TINTAJURNALISNEWS –Polda Kepulauan Riau menerima kunjungan Tim Puslitbang Polri dalam rangka pelaksanaan penelitian strategis terkait optimalisasi alat material khusus (almatsus) Dalmas serta penguatan peran Polri dalam mendukung program ketahanan pangan nasional. Kegiatan tersebut berlangsung di Rupatama Polda Kepri, Senin (2/3).
Penelitian ini mengangkat dua fokus utama, yakni optimalisasi Almatsus Dalmas Polri guna penanganan unjuk rasa berpotensi konflik dalam rangka mewujudkan harkamtibmas, serta peran Polri dalam mendukung program ketahanan pangan demi tercapainya swasembada pangan nasional.
Kegiatan tersebut dihadiri Karo SDM Polda Kepri, Ketua Tim Puslitbang Polri Kombes Pol. Guno Pitoyo, S.I.K., M.H., narasumber eksternal dari Universitas Indonesia Prof. Dr. Suryadi, M.T., Wadir Samapta Polda Kepri, personel Ditsamapta, personel Logistik, serta personel Spripim Polda Kepri.

Dalam sambutannya, perwakilan Polda Kepri menyampaikan bahwa penelitian ini diharapkan mampu memberikan manfaat nyata bagi peningkatan kinerja kepolisian, khususnya dalam optimalisasi penggunaan Almatsus Dalmas serta mendukung pelaksanaan tugas pengamanan di wilayah hukum Polda Kepri.
Ketua Tim Penelitian, Kombes Pol. Guno Pitoyo, menjelaskan bahwa kedatangan tim bertujuan menggali data dan masukan terkait efektivitas peralatan Dalmas di Polda Kepri sekaligus mengkaji kontribusi Polri dalam mendukung program ketahanan pangan. Ia berharap partisipasi aktif para narasumber dan responden dapat menghasilkan rekomendasi konstruktif bagi peningkatan kualitas kebijakan dan operasional kepolisian.
Dalam aspek pengendalian massa, Puslitbang Polri menyoroti pentingnya optimalisasi Almatsus Dalmas yang digunakan secara bertahap melalui pendekatan preemtif, preventif, persuasif, dan humanis. Peralatan tersebut meliputi helm, tameng, tongkat, body protector, kendaraan taktis seperti AWC dan APC, senjata non-mematikan, serta perlengkapan pendukung lainnya. Optimalisasi ini bertujuan menjamin keselamatan personel sekaligus tetap menjunjung tinggi prinsip hak asasi manusia dalam setiap penanganan unjuk rasa.

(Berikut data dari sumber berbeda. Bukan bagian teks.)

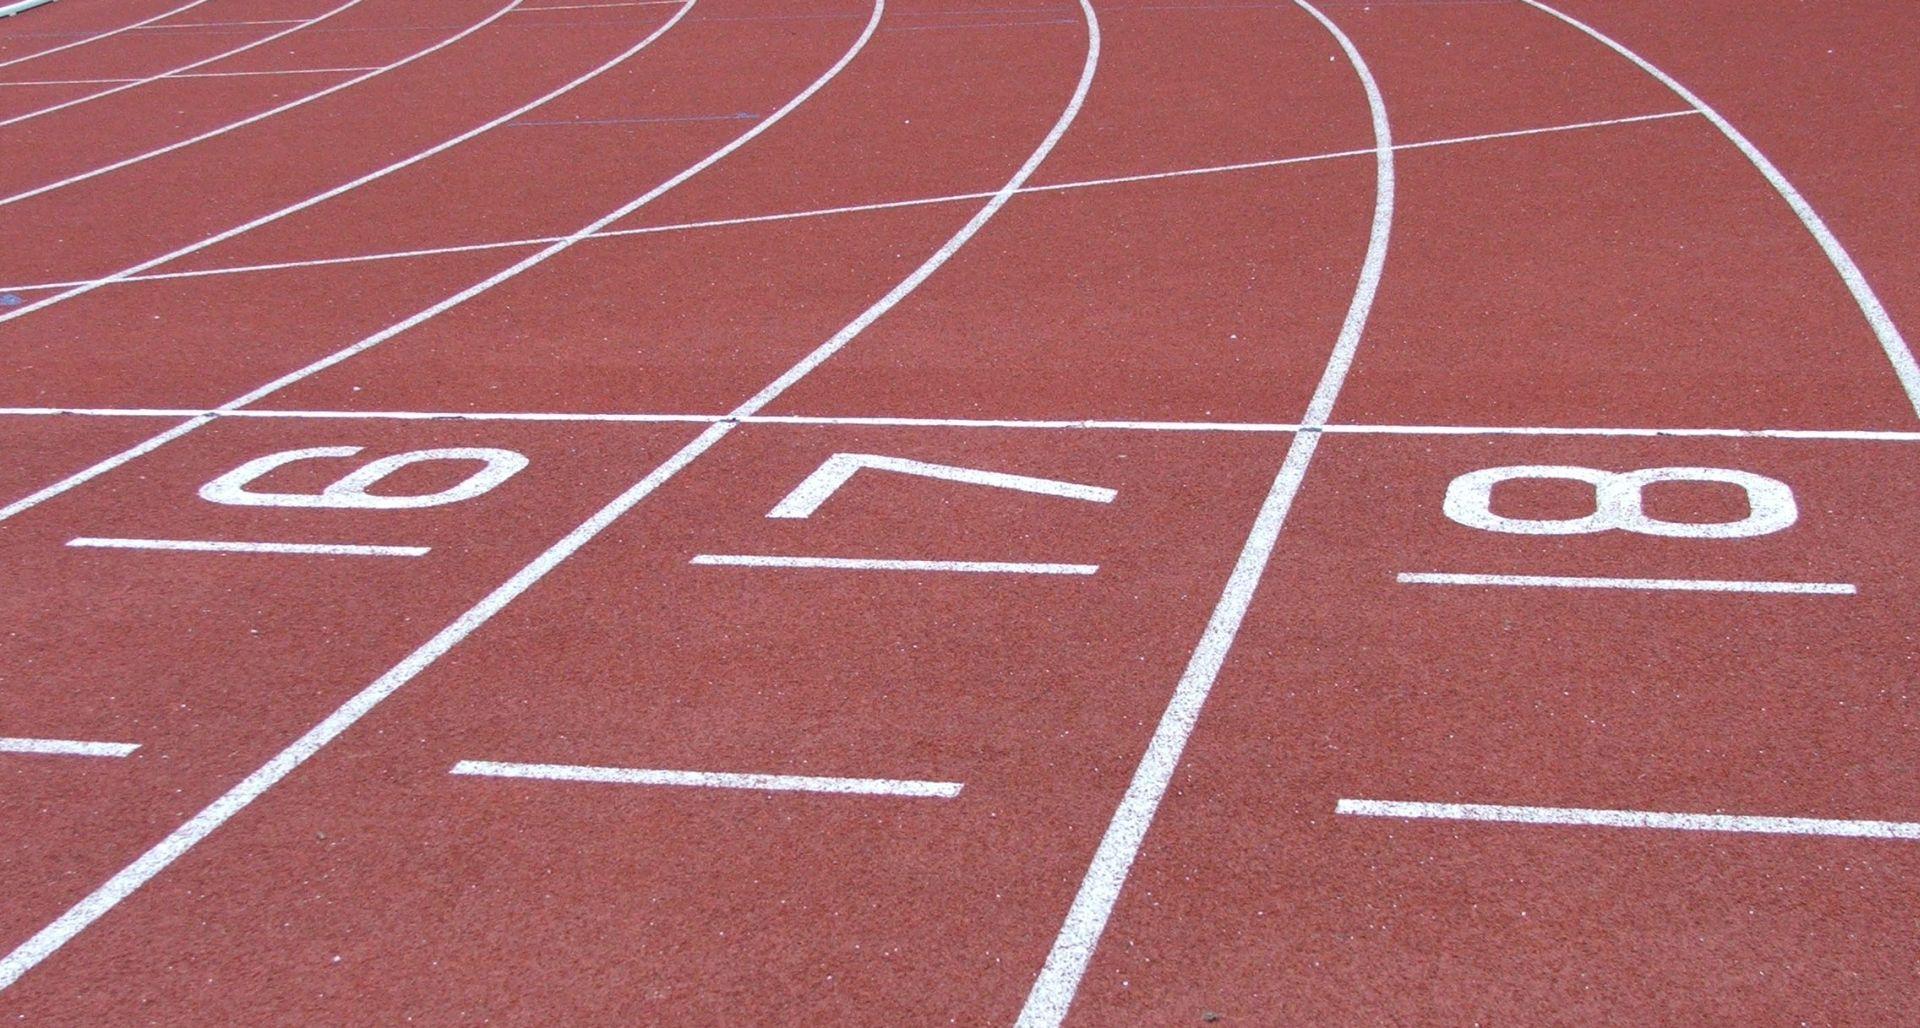 PRIKRIVANJE REZULTATA DOPING TESTOVA Bivši predsjednik IAAF-a optužen zbog korpucije

Meski demikian, penelitian juga mencatat sejumlah tantangan, antara lain keterbatasan jumlah dan kondisi peralatan yang belum sepenuhnya optimal, kebutuhan penyesuaian terhadap dinamika eskalasi situasi, kurangnya pemeliharaan rutin, serta perlunya peningkatan pelatihan personel agar adaptif terhadap karakteristik unjuk rasa modern.
Selain itu, tim peneliti turut mengkaji peran Polri dalam mendukung program ketahanan pangan nasional sebagai bagian dari implementasi Rencana Pembangunan Jangka Menengah Nasional (RPJMN) 2025–2029. Fokus utama diarahkan pada penguatan produksi dan distribusi komoditas jagung guna mewujudkan swasembada pangan.
Polri tidak hanya berperan dalam aspek pengamanan, tetapi juga melalui pemanfaatan pekarangan bergizi, optimalisasi lahan produktif, pengawasan distribusi pangan, serta rekrutmen Bintara Kompetensi Khusus (Bakomsus) Pertanian. Pendekatan ini menegaskan transformasi peran Polri sebagai fasilitator, koordinator lintas sektor, sekaligus pendamping masyarakat dalam menjaga stabilitas wilayah produksi dan distribusi pangan.
Penelitian dilaksanakan menggunakan pendekatan kuantitatif dan kualitatif, melalui pengisian kuesioner daring oleh responden internal pengguna Almatsus Dalmas serta wawancara mendalam kepada informan terkait.

Secara terpisah, Kabid Humas Polda Kepri mengimbau masyarakat yang membutuhkan layanan kepolisian, informasi peta kerawanan, maupun ingin menyampaikan pengaduan agar menghubungi Call Center 110 yang aktif 24 jam atau memanfaatkan aplikasi Polri Super Apps yang tersedia di Google Play Store dan App Store.
Dengan semangat Polri Untuk Masyarakat, diharapkan hasil penelitian ini mampu menjadi landasan penguatan kebijakan strategis guna meningkatkan profesionalisme Polri dalam menjaga keamanan sekaligus mendukung pembangunan nasional.